Sparse configurations of \(\pmb{\Omega}\) can often lead to dense configurations of \(\pmb{\Sigma}\)

\[ \boldsymbol{\Omega} = \begin{bmatrix} 0 & 0.5 & 0\\ 0.5 & 0 & 0.5\\ 0 & 0.5 & 0\\ \end{bmatrix}, \pmb{\Delta} = \begin{bmatrix} 1 & 0 & 0\\ 0 & 1 & 0 \\ 0 & 0 & 1 \end{bmatrix} \]

Results in:

\[ \boldsymbol{\Sigma} = \begin{bmatrix} 1.5 & 1 & 0.5 \\ 1 & 2 & 1\\ 0.5 & 1 & 1.5\\ \end{bmatrix} \]

  • If all nodes are connected, \(\pmb{\Sigma}\) will be dense

Critical Assumption: No Latent Variables

Suppose the data is in fact generated by a latent variable model, then the estimated GGM becomes (mail me for proof):

\[ \pmb{\Omega} = \pmb{I} - \pmb{\Delta} \left( \pmb{\Theta}^{-1} - \pmb{\Theta}^{-1}\pmb{\Lambda} \left(\pmb{\Psi}^{-1} + \pmb{\Lambda}^\top\pmb{\Theta}^{-1}\pmb{\Lambda}\right)^{-1} \pmb{\Lambda}^\top\pmb{\Theta}^{-1} \right) \pmb{\Delta} \]

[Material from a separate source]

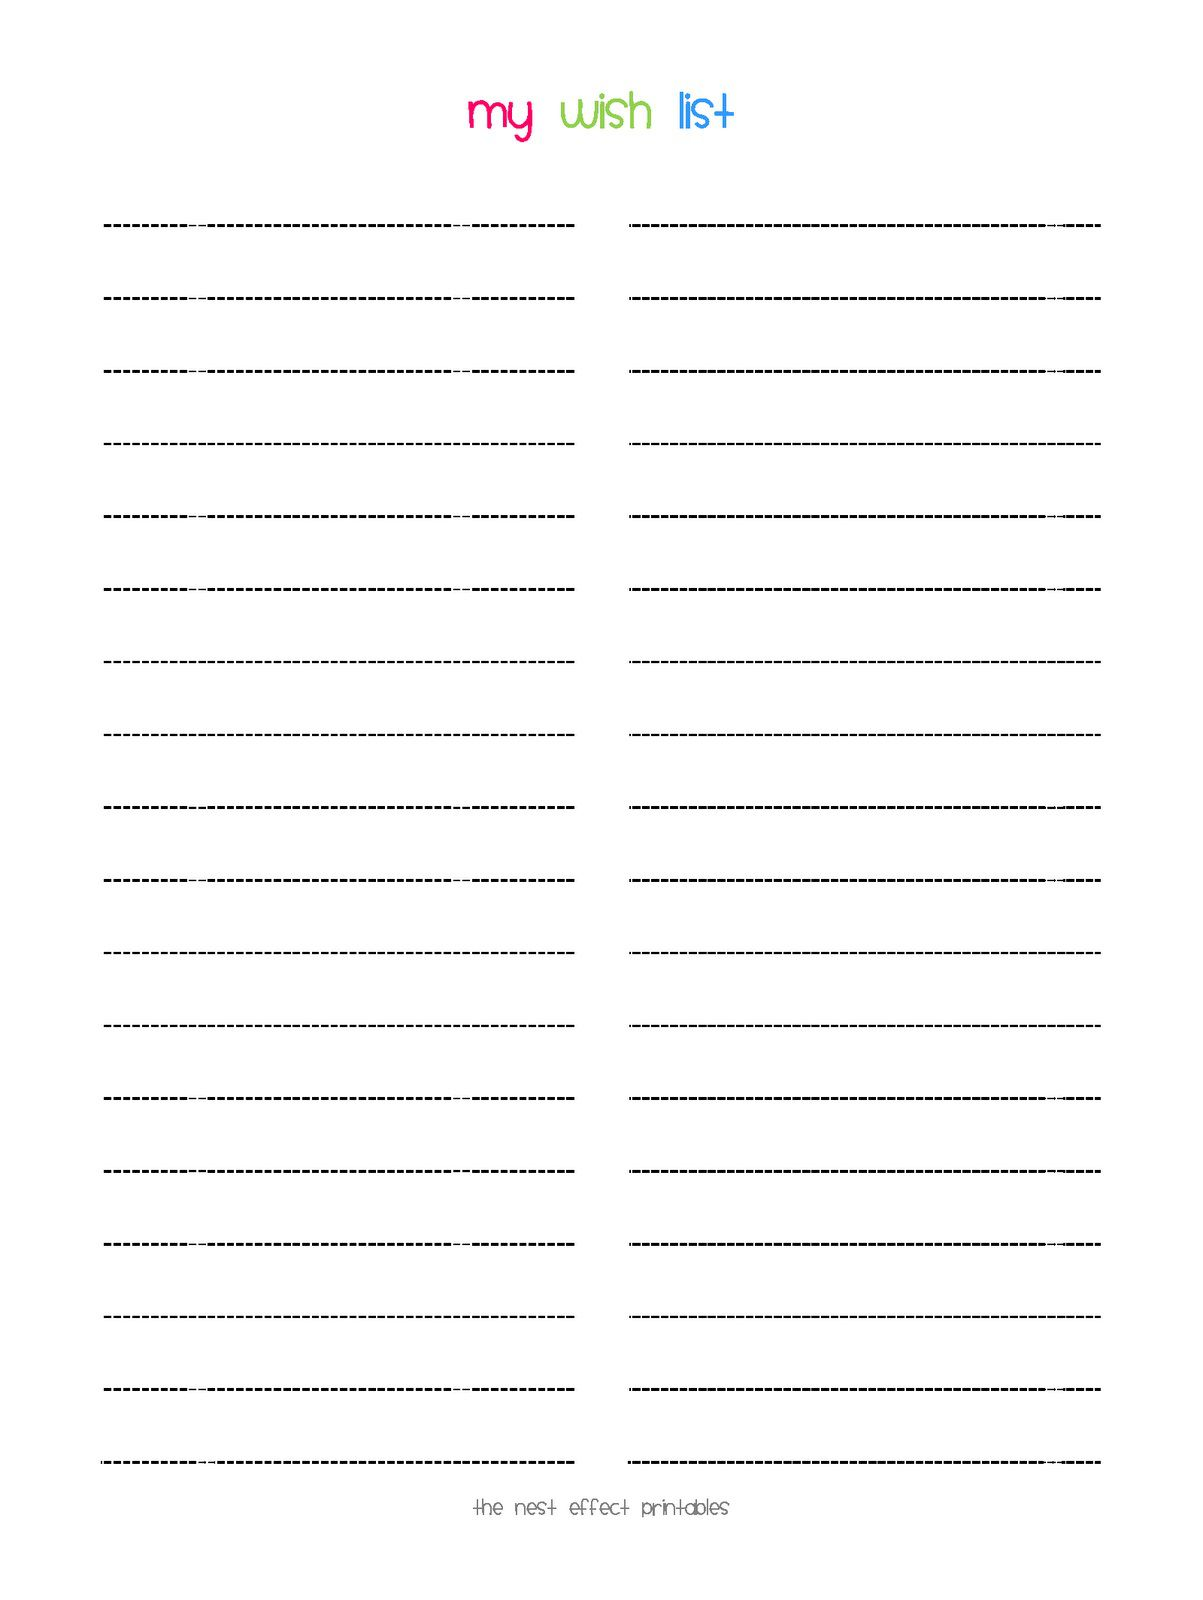 008 Stunning Printable Wish List Template Idea  Cute Christma Free HolidayFull
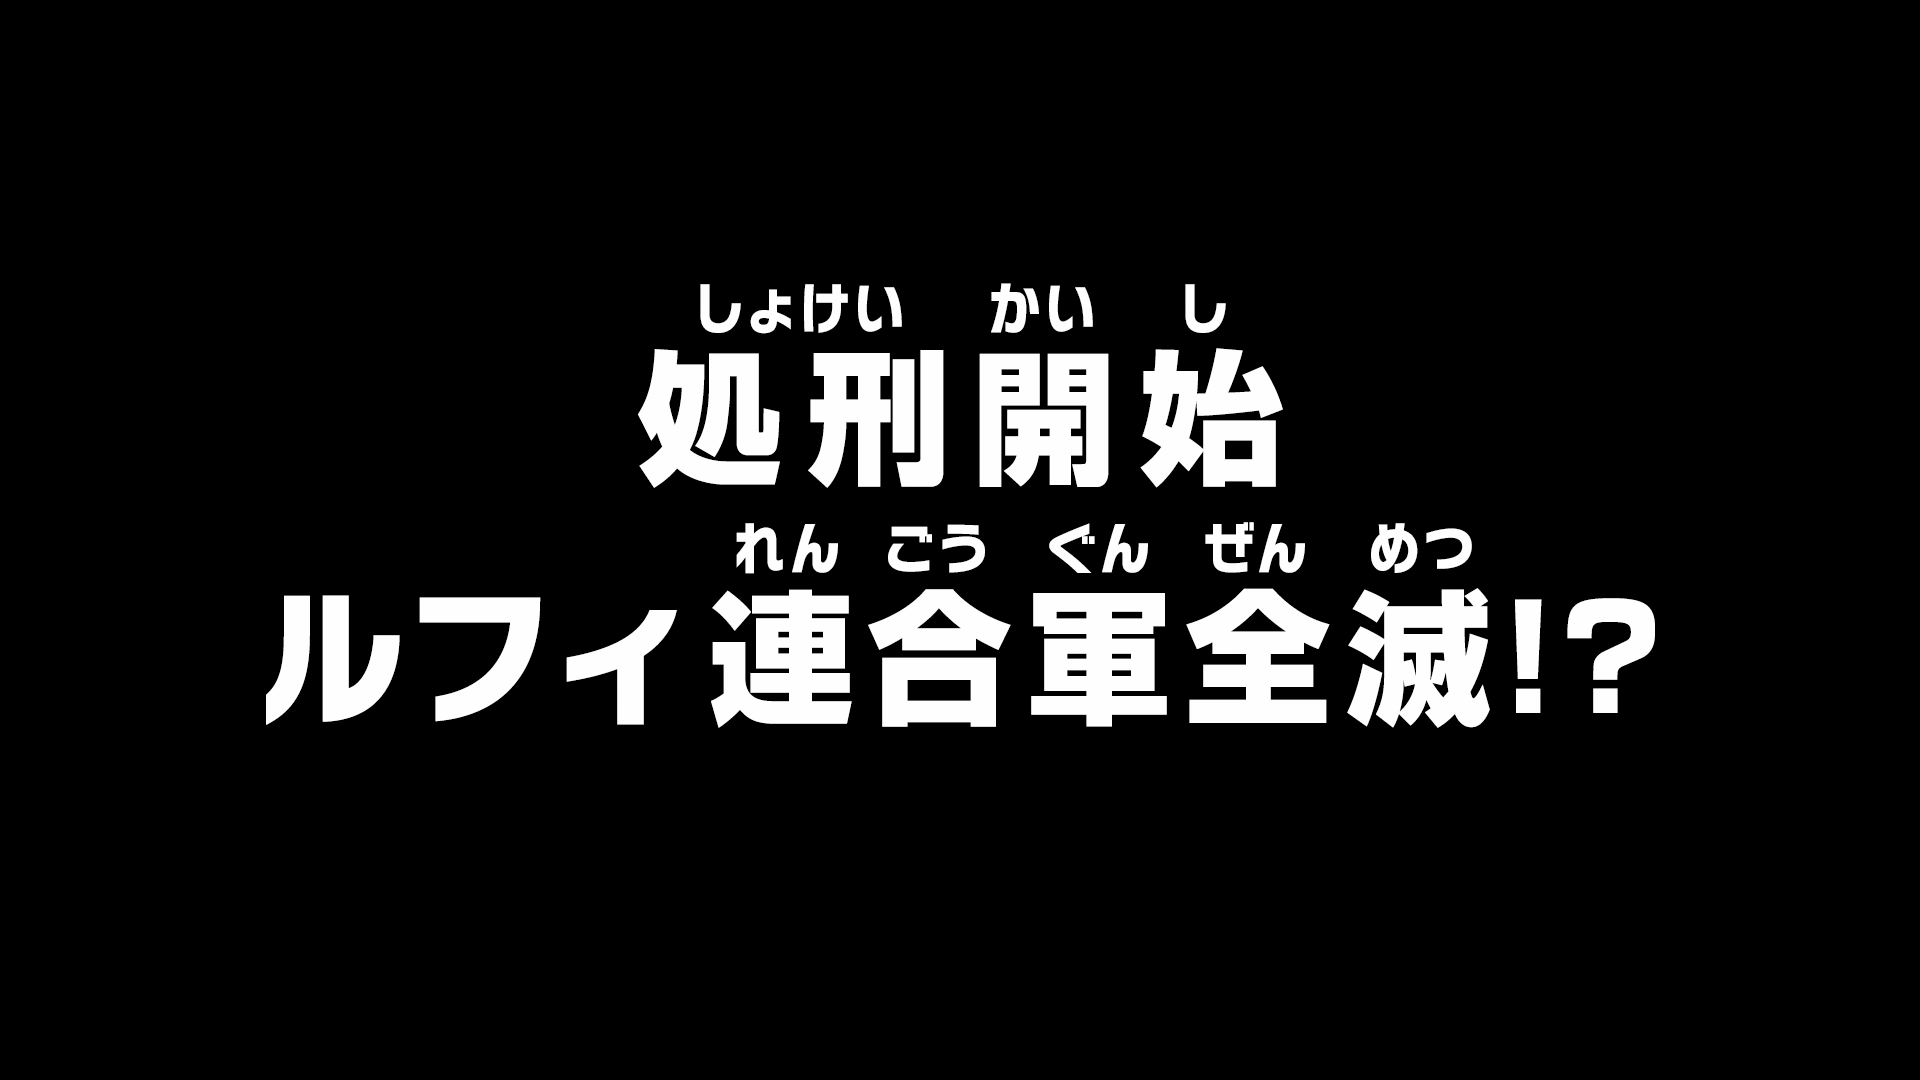 Episode 842

  • If a latent variable model did underlie the data, the correct GGM should be dense and thus saturated!

Problems

  • Factor analysis
    • Structural violations of the assumption of local independence leads to (near) saturated models
  • Network analysis
    • Strong violations of the assumption of no latent variables leads to (near) saturated models
  • We need a modeling framework that can encompass both!

Residual Interaction Modeling

The residual variance-covariance matrix in the factor analysis model, \[ \pmb{\Sigma} = \pmb{\Lambda} \pmb{\Psi} \pmb{\Lambda}^{\top} + \pmb{\Theta}, \] can further be modeled as a GGM:

\[ \begin{aligned} \pmb{\Theta} &= \pmb{\Delta}_{\pmb{\Theta}} \left( \pmb{I} - \pmb{\Omega}_{\pmb{\Theta}} \right)^{-1} \pmb{\Delta}_{\pmb{\Theta}} , \end{aligned} \]

  • Because the GGM is a model for pairwise interactions, we call this Residual Interaction Modeling (RIM)
  • Since a sparse GGM can lead to a dense variance-covariance matrix, a sparse \(\pmb{\Omega}_{\pmb{\Theta}}\) can lead to a dense \(\pmb{\Theta}\)
    • All residuals can be correlated without being a saturated model

Residual Interaction Modeling

Confirmatory RIM

  • Confirmatory estimation of the RIM model (as well as SEM) has been implemented in the "rim" package
  • The rim package supports:
    • Fit indices
    • Model comparison
    • Exploratory model search
  • rim can also be used for confirmatory estimation of network structures!

Exploratory RIM

Using a joint vector of observed and latent variables, \(\pmb{u}^{\top} = \begin{bmatrix} \pmb{y}^{\top} & \pmb{\eta}^{\top} \end{bmatrix}\), we can obtain (mail me for proof): \[ \mathrm{Var}^{-1}\left( \pmb{u} \right) = \begin{bmatrix} \pmb{\Theta}^{-1} & -\pmb{\Theta}^{-1}\pmb{\Lambda} \\ -\pmb{\Lambda}^\top\pmb{\Theta}^{-1} & \pmb{\Psi}^{-1} + \pmb{\Lambda}^\top\pmb{\Theta}^{-1}\pmb{\Lambda} \end{bmatrix} \]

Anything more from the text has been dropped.